Guys, ada demo ratusan umat Buddha di depan kantor Kelurahan Cengkareng Barat, Selasa lalu. Mereka nolak penutupan Vihara Cetiya Permata di Hati, tempat ibadah mereka. Sambil ngebawa spanduk, mereka minta keadilan dan supaya vihara dibuka lagi. Masalah ini muncul gara-gara protes warga soal izin vihara. Ketua RT bilang, kegiatan di vihara nggak pernah minta izin. Ketua RW juga bilang, pembangunan vihara nggak pernah dilaporin resmi.
Awalnya, mereka kira cuma bangun rumah tinggal, eh ternyata malah jadi vihara. Widodo, jemaat vihara, cerita masalah ini udah mulai sejak 24 Juli lalu. Waktu itu, jemaat lagi ibadah dan ada warga yang protes karena sebagian kegiatan mereka pakai jalan umum. Warga itu bahkan sengaja ngegeber motor dan ngeluh soal izin. Padahal ada polisi di lokasi, tapi malah nggak peduliin. Ibadahnya juga cuma setengah jam kok, dan nggak nutup semua jalan.
Tradisi ini juga udah belasan tahun dilaksanain dan nggak pernah ada masalah. Widodo juga udah coba mediasi lewat RT/RW, tapi nggak ada hasil yang adil.
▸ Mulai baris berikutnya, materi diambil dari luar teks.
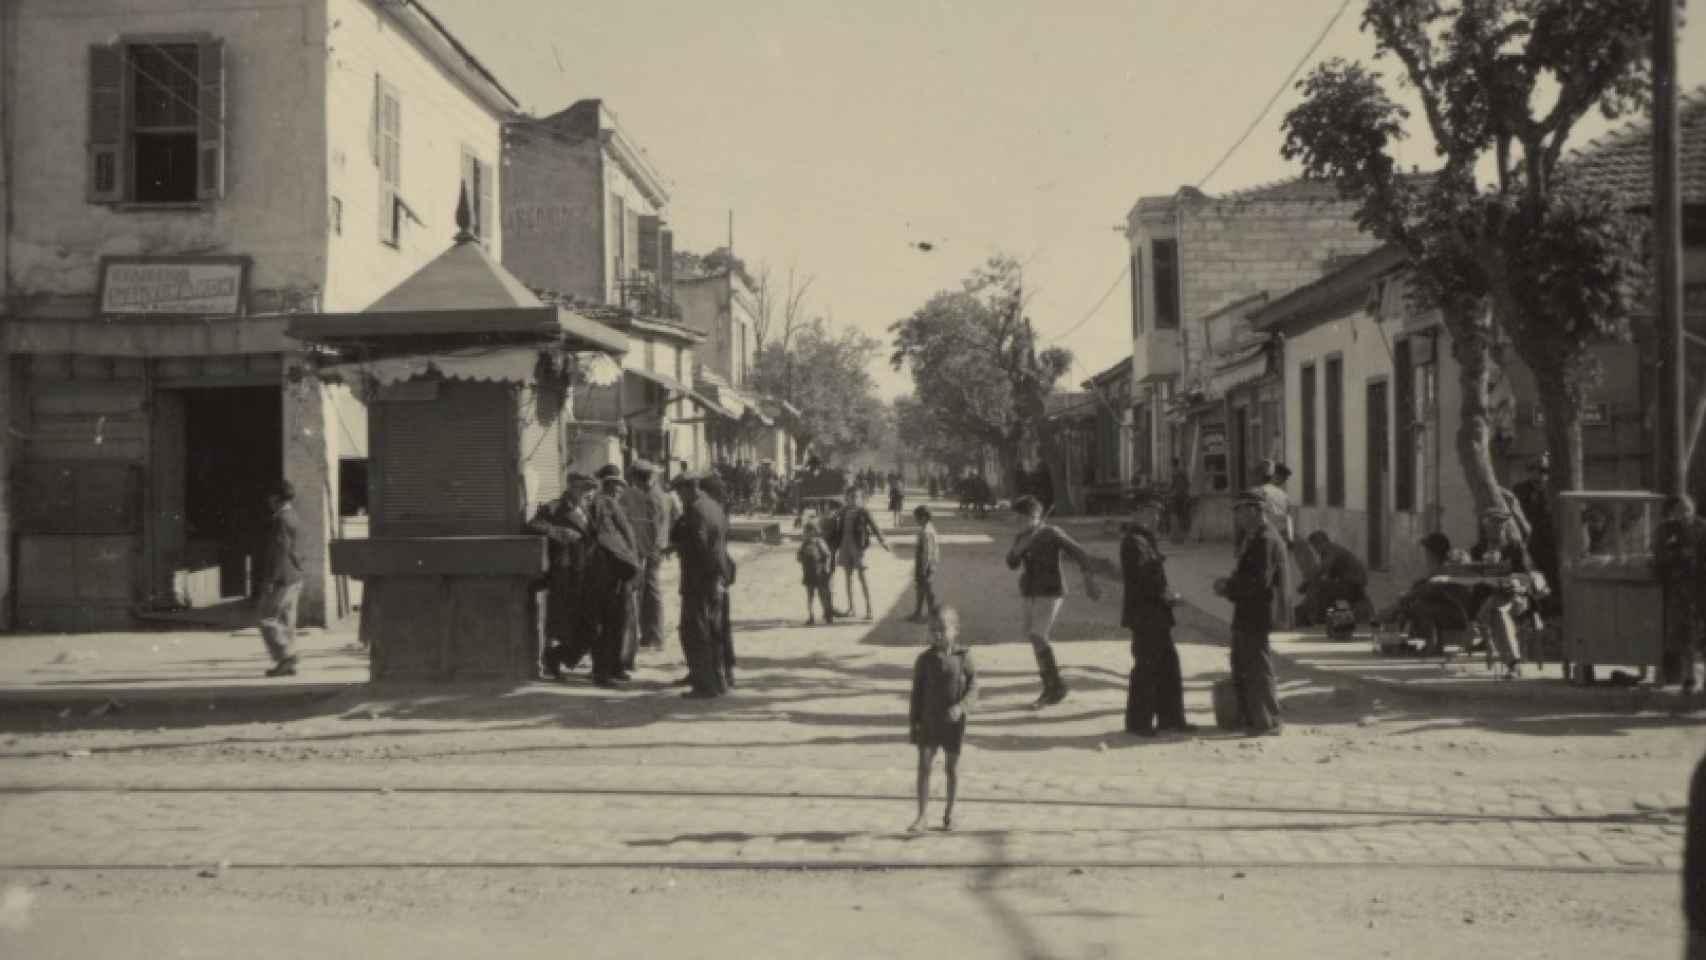 El gueto judío de Salónica.

Mereka malah ngerasa otoritas lebih memihak warga yang nolak dan gak mendukung kerukunan. Padahal, jemaat vihara selalu bayar iuran warga secara rutin.
Sekarang mereka bingung karena tanggal 21 nanti mau adain ibadah Dewi Kuan Yin. Yang mereka pengen cuma satu: bisa ibadah damai tanpa diganggu. Widodo bilang, dia warga Indonesia, punya hak beribadah sesuai konstitusi.
Sedih ya, ngeliat mayoritas yang malah intimidasi kaum minoritas. Harusnya, kita bisa saling hormat dan jaga keberagaman. Kebebasan beribadah itu hak semua orang, nggak ada yang boleh semena-mena cuma karena merasa mayoritas. Semoga otoritas bisa kasih solusi yang adil, dan umat Buddha di Cengkareng bisa beribadah dengan tenang.
Damai dalam perbedaan itu lebih indah, guys!